In regression, highly skew data result in poor fittign. When all values are positive log transforation are often used to normalize higly skewed data.
insurance$lcharges <- log(insurance$charges)
summary(insurance$lcharges)
## Min. 1st Qu. Median Mean 3rd Qu.
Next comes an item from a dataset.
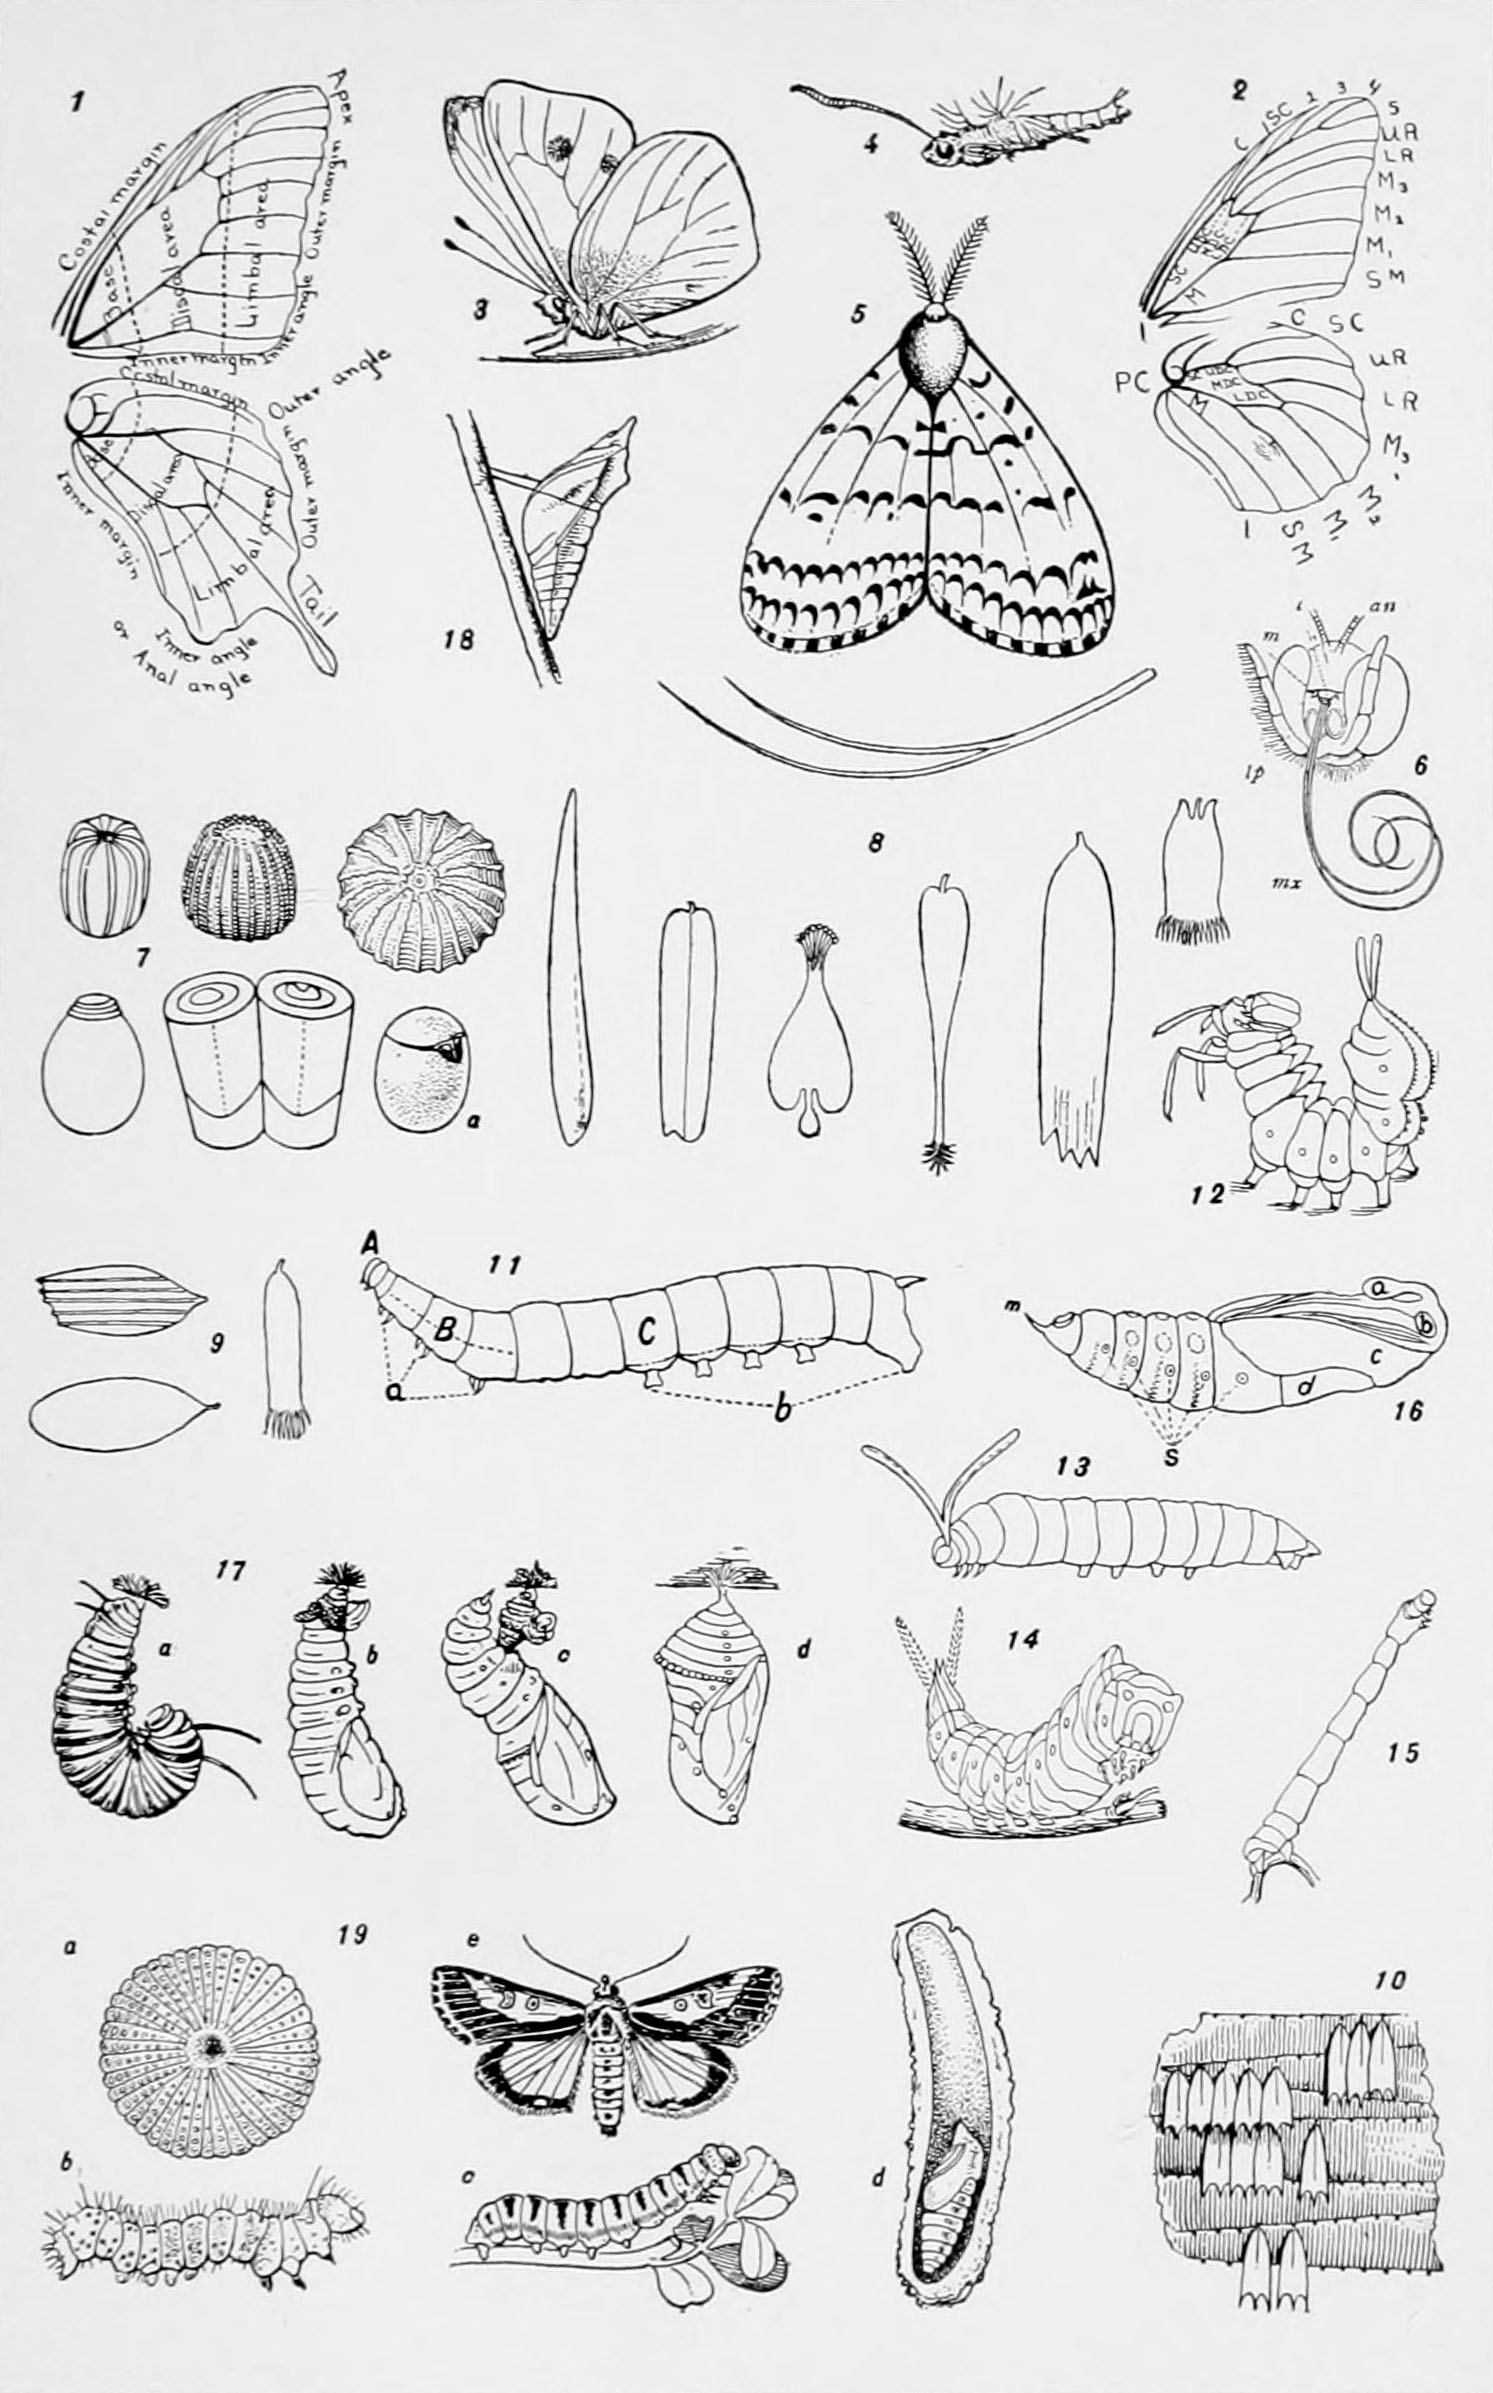 butterfly anatomy diagram vw beetle wiring 1968 file nie 1905 butterflies and moths jpg wikimedia commons
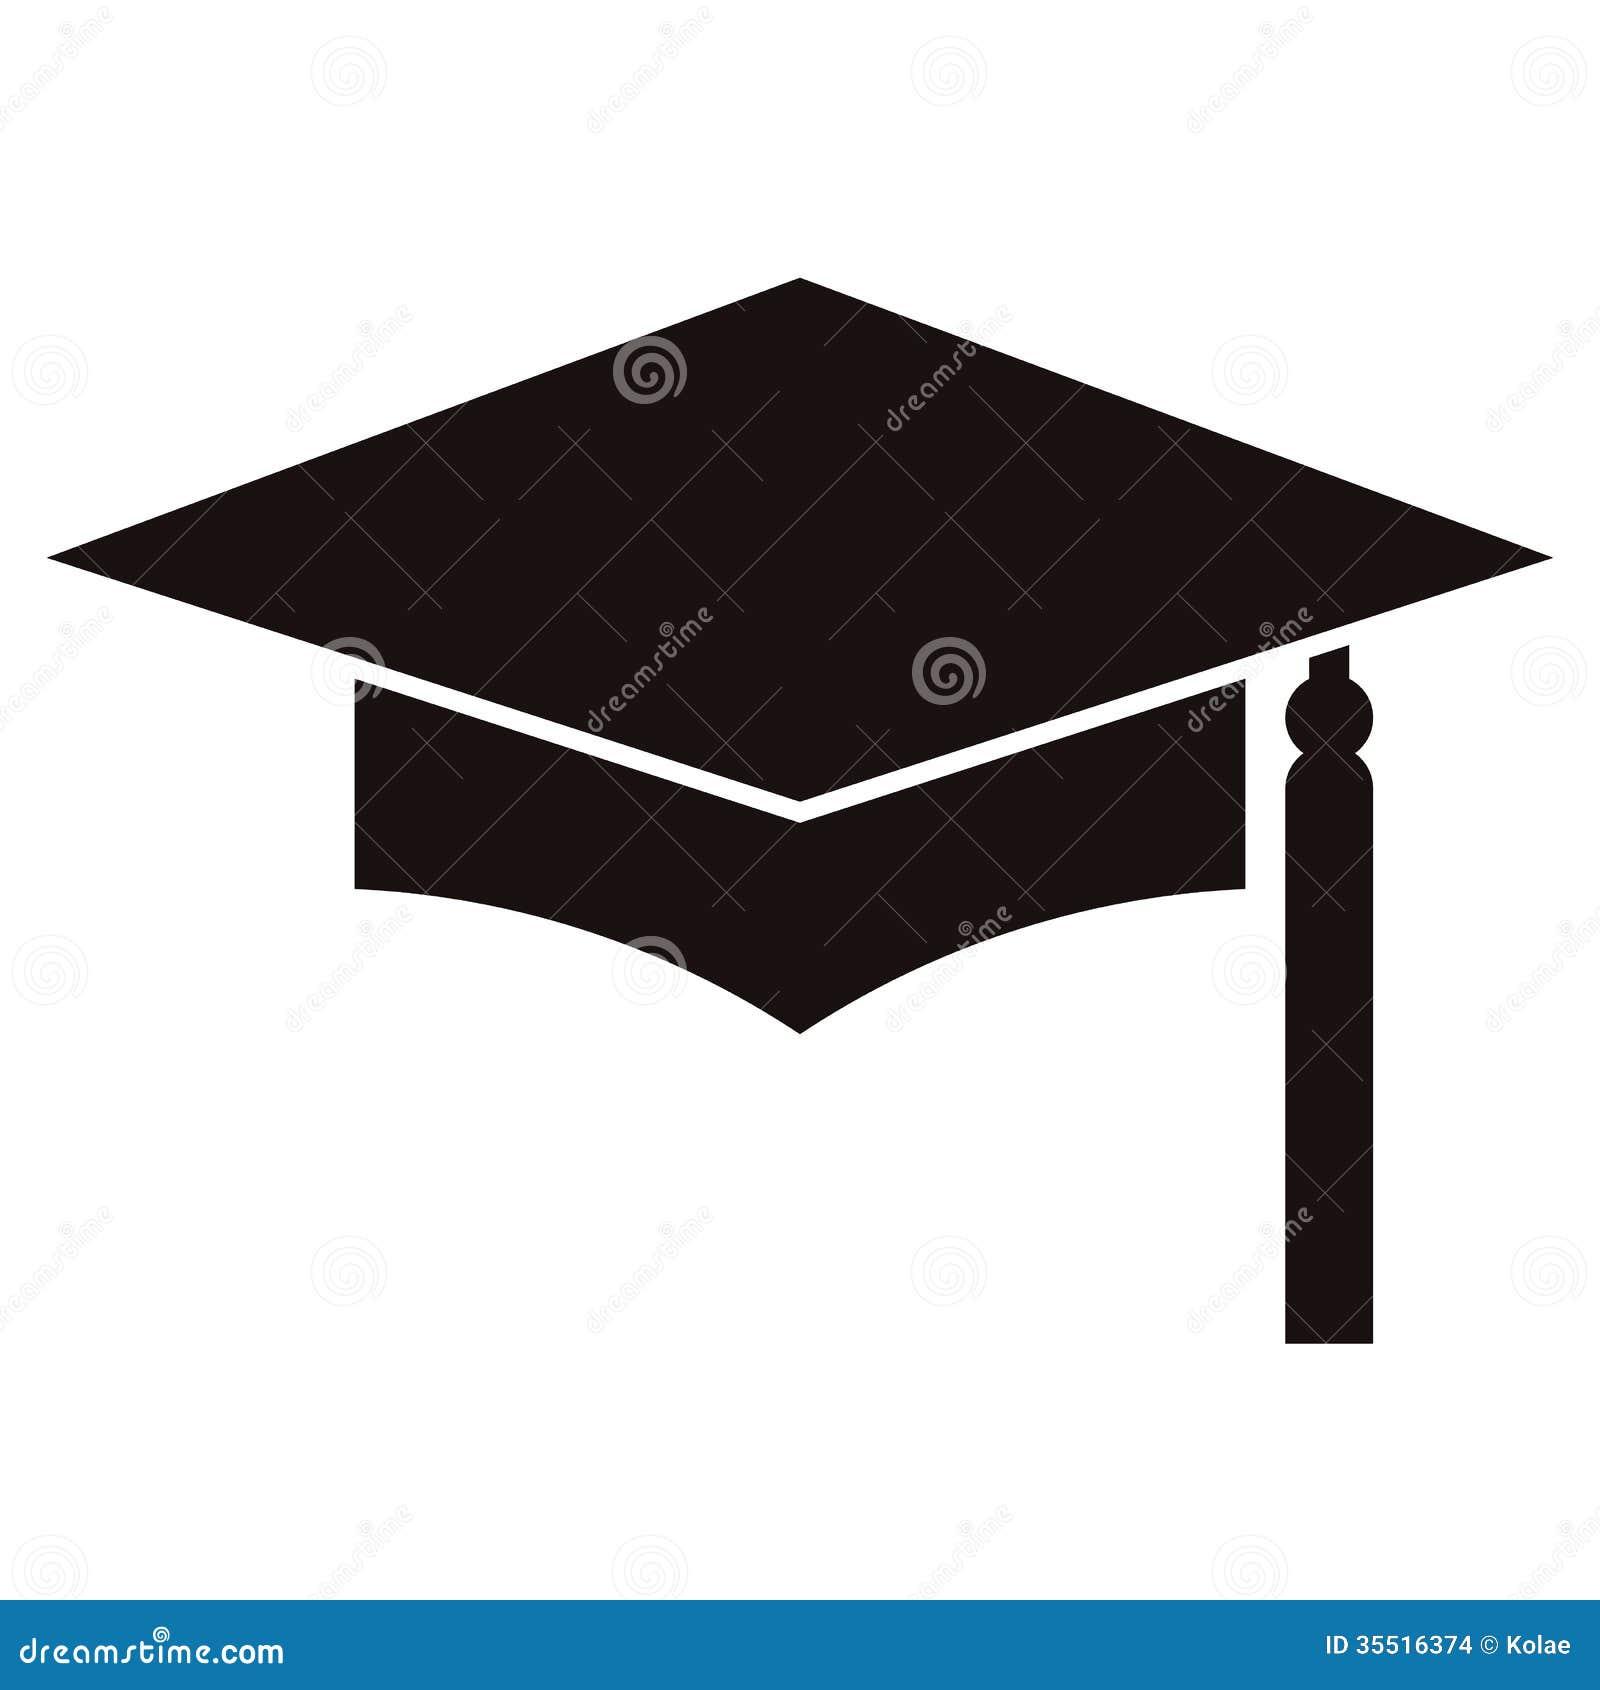 Mortar Board Or Graduation Cap, Education Symbol Stock Images - Image ...

Max.
## 7.023 8.464 9.147 9.099 9.720 11.063
par(mfrow = c(1,2))
hist(insurance$lcharges, main = "Histogram of charges", col = "blue")
plot(density(insurance$lcharges), main = "Density plot of charges")
polygon(density(insurance$lcharges), col = "orange")
This log transformation gives more symmetric distribution
#Other variables 3 factor: sex, smoker, region
par(mfrow = c(1,3))
barplot(table(insurance$sex), main = "Sex")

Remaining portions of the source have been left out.